By the 1940s, Sickles was program director at WWSW. In September 1942, he was narrator of Industry Presents, a radio series with Bill Cullen profiling industrial plants in Pittsburgh which were contributing to the war effort. He also served in World War II and returned to Pittsburgh following VE Day.

== Career ==
In his youth before and after World War II, Sickles was a radio announcer in Pittsburgh. In 1950, he moved to Florida to pursue a career in radio and television. Sickles started Adventures with Uncle Walt on WHOO, a radio station in Orlando, Florida. He played host to events such as Central Florida Symphony Orchestra which performed at the Municipal Auditorium in Orlando.

Way Down By Orlando (WDBO), now WKMG-TV, offered him the position of programming director and host of a children's program for the station which would soon launch. On July 1, 1954, on the first day of broadcasting for WDBO, Adventures with Uncle Walt began airing at 5 p.m. every weekday. WDBO was an affiliate of CBS.

Adventures with Uncle Walt featured segments like Crusader Rabbit, Flash Gordon, and Felix the Cat. However, the biggest attraction to the show was the live interviews with children, which attracted about 53,000 participants over its lifetime. Sickles would feature on his program children who had written to him by mail. The children would be given a snack or drink from one of the sponsors, either a glass of milk from T. G. Lee Dairy or a hot dog from Tarnow Sausage.

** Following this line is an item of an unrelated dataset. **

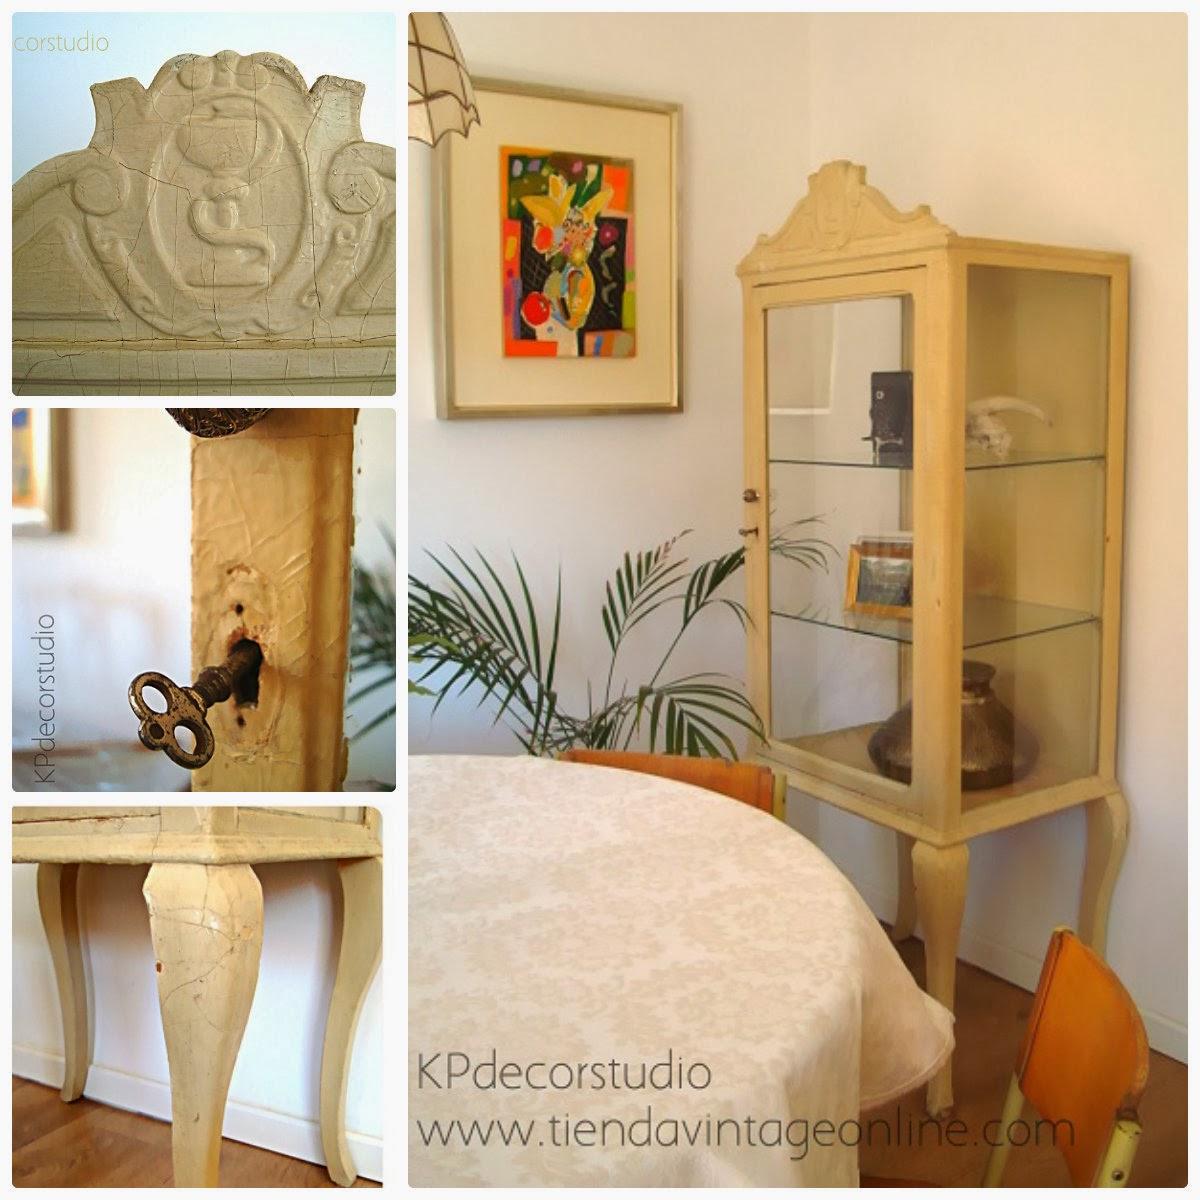 Kp tienda vintage online armarios y muebles vintage for Muebles retro online

On February 27, 1967, Sickles was fired by the station just moments before he was due to appear on his program. After 13 years with WDBO, Adventures with Uncle Walt was taken off air. Sickles subsequently became a teacher in Orange County Public Schools. He retired after teaching for 11 years. However, he continued to appear in radio commercials with his voice appearing as narrator for commercials for political candidates and companies like Pizza Hut, as well as voice-overs for Smithsonian documentaries.

== Personal life and death ==
Sickles had a son, Walter Jr., from his first marriage which ended several years before his service in World War II. He married Georgene before the war and they started a family after his return. They had two sons, Richard and Robin. Georgene played a pivotal role in the making of Adventures with Uncle Walt, managing birthday lists and coordinating with the show’s sponsors to send birthday cards to kids. She also became a kindergarten and first grade teacher in Orange County Public Schools.

Sickles eventually retired to Cypress Hill Ranch near Lockhart, Florida. He died on February 11, 1997, two days before his 89th birthday. A memorial service was held on February 14 in Winter Park, Florida.